I constantly run into situations, where it would be useful to recruit additional non-founder programmers to help out on a project.  However, I am not sure what compensation should look like for these non founders.  I.e. We have been working on a project part-time for over a year, but could use another rails developer to help out on our front-end work.  We'd like to pay with equity, but I am not sure what that normally looks like.  Ideas?
======
m0nty
My own experience of working in a startup (Bubble 1.0) was that (as techies)
the web designer and I were completely ignored and counted out of the
decision-making processes, even for deeply technical matters. I think this
stemmed from the insecurity of the boss, and his second-in-command who was
supposed to be "a marketing genius" but somehow never achieved his full
potential ;)

Anyway, we were excluded from meetings, and even when we were invited it was
only for show and we were told to leave whenever the grown-ups had to make
real decisions. The boss started showing people around the office saying "This
is our accounts person, Jo. And our support person, David. Oh, and we've got a
couple of geeks out the back but I won't bother introducing you to them."
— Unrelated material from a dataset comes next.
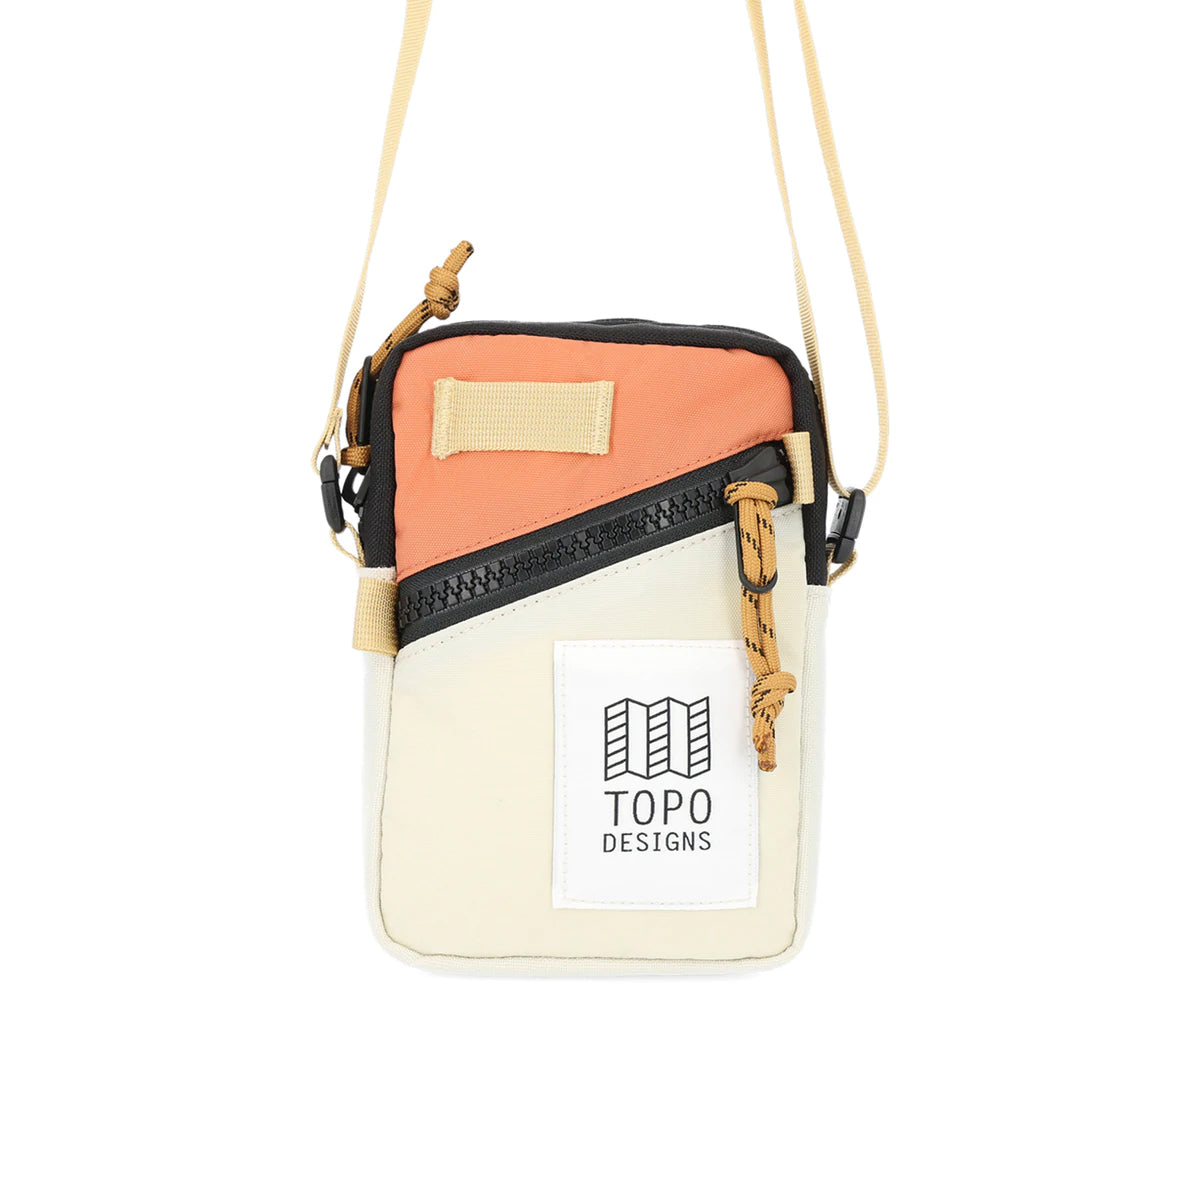 Topo Designs : Mini Shoulder Bag : Bone White/Coral

This was an extreme example but it's often similar to that wherever I've
worked: techies are viewed with a mixture of suspicion and contempt. If you
can get over that and allow all your people to engage in decision-making (not
always possible, but desirable, I believe) you will find it easier to retain
them, despite lower salaries, etc. You probably know much of this anyway but
it's worth keeping it in mind and using it to "sell" the job to potential
applicants.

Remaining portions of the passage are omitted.